# .....how much do you think he's worth?????????......



## mell (Sep 5, 2007)

I have no intention of selling him..just wondering how much he's worth.  
ok so up untill about two years ago he did nothing. just stood around in the paddock doing nothing! looking pretty lol..
16hh 13yrs gelding ASH (hes actually half thoroughbred but reg full ASH) reg. ASH and ANSA... i show him, in led classes/show hack and the ASH events to. does pretty well, last year he got 2nd district hack which i was pretty happy about  been to two dressage days, soft snaffle mouth, never ridden in anything else. have started a bit of jumping, got up to 90cm so far. very smart, big personality. not for beginner/inexperienced rider. good to shoe,wash,worm,clip etc.
pedigree is here http://abri.une.edu.au/online/cgi-b...0&3=56&5=2B3C2B3C3A&6=505E5E255A24&9=5C5D5E27
it says he is not eligible for comp. but thats cause his reg. hasn't been paid up lately.
pics- i put the links cause i couldnt be bothered posting them. lol. (he's the black one)
http://www.horseforum.com/viewtopic.php?p=26078&highlight=#26078
http://www.horseforum.com/viewtopic.php?p=30451&highlight=#30451
http://www.horseforum.com/viewtopic.php?p=45825&highlight=#45825
thanks


----------



## horseylover1_1 (Feb 13, 2008)

As I was reading, I thought maybe 3000 dollars. 
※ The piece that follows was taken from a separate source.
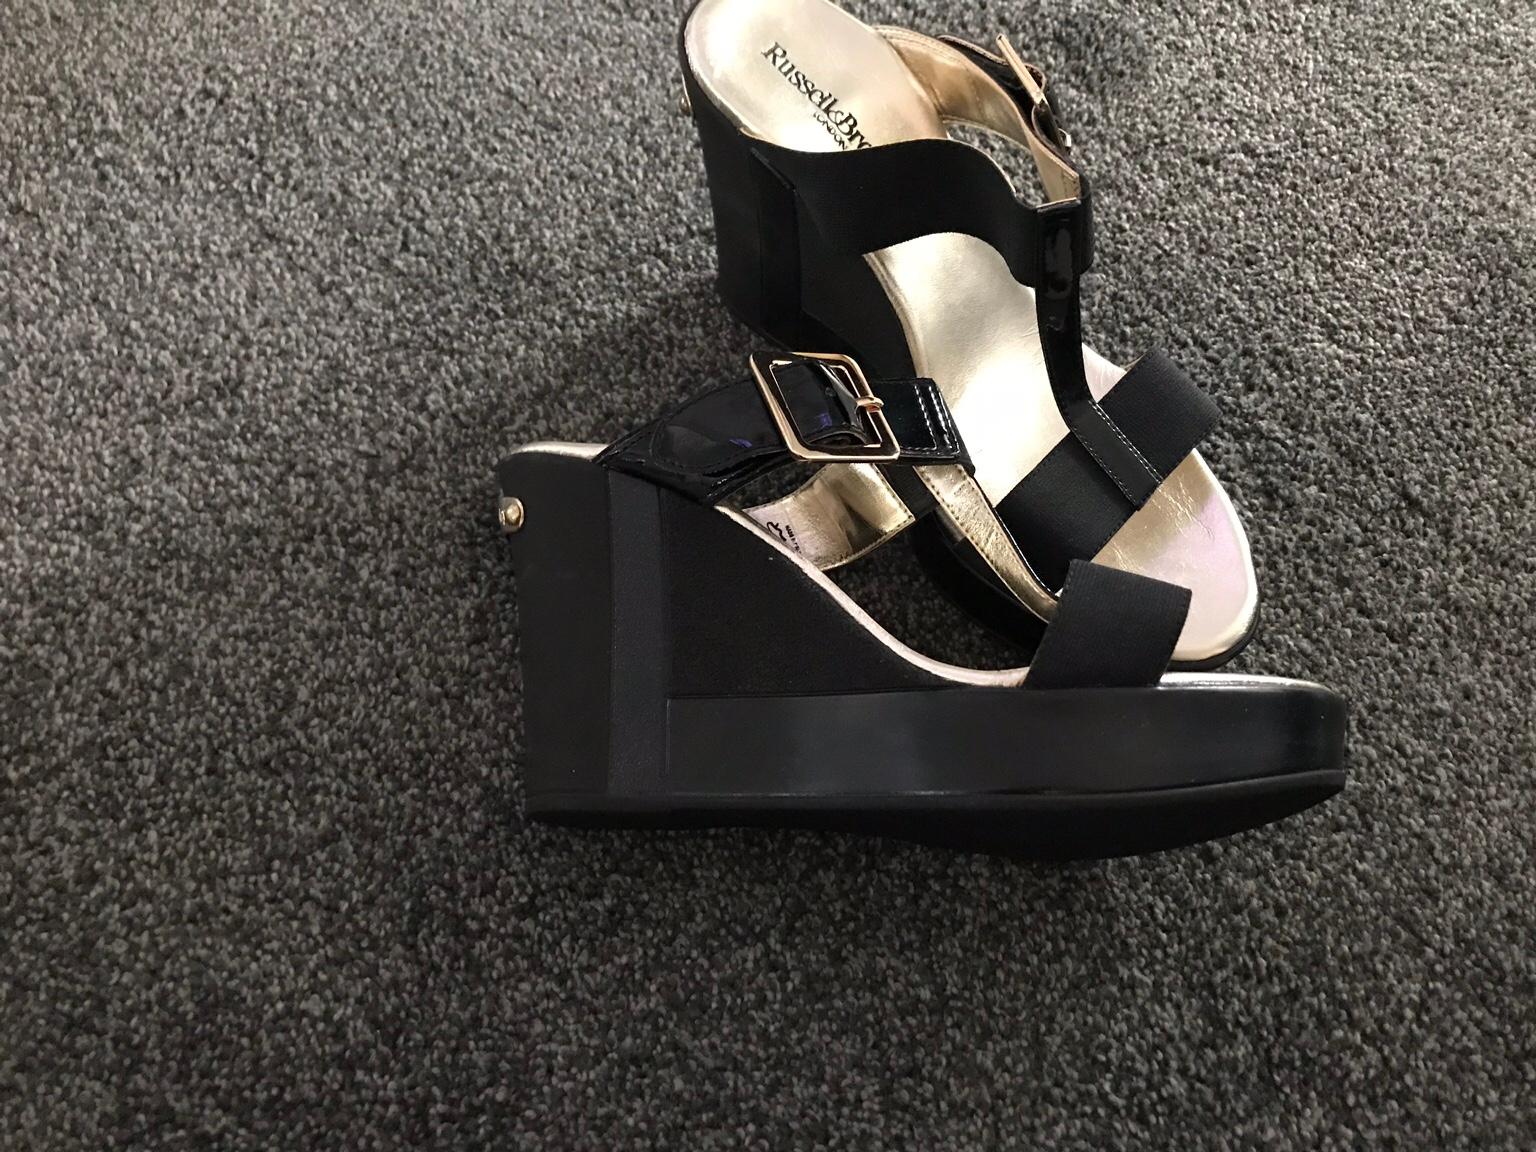 russell and bromley wedge sandals

HOWEVER the pictures may be able to boost that up to 4000ish. I'm not a breeder or seller, so that is just a small estimate. 3000-4000. His conformation and build is simply wonderful, btw. I love blacks!!!!!!!!!


----------



## mell (Sep 5, 2007)

really? thanks.  

what does everyone else think?


----------



## jazzyrider (Sep 16, 2007)

he sure is nice  i would say about $3500-$4500. but you could boost that by continuing dressage and jumping training and placing at shows. with more training and show successes i would say about $5000-6000


----------



## brittx6x6 (Mar 4, 2007)

Probably around $4000 here!!! He is b-e-a-u-tiful!! with more work you could easily bring that price up!!!


----------



## mell (Sep 5, 2007)

ok 
thanks everyone!


----------



## Delregans Way (Sep 11, 2007)

hey  Um im thinking about the 3500 mark, although i would be happy paying anything under 5000 at this point and time. He is very nice


----------



## mell (Sep 5, 2007)

thanks


----------



## diamonr4ever (Jan 29, 2008)

I would have to say 4,500 to 5000 in tennessee. Especially Franklin Tennessee.


----------



## Cheval (Jan 1, 2008)

Well, here in Northern California, he'd probaly go for $5000. However the market these days is absolutely nuts.
I think if you showed him a bit more, he'd go for more. 
Really cute. I love his coat, it's beautiful.


----------



## mell (Sep 5, 2007)

wow thanks everyone!


----------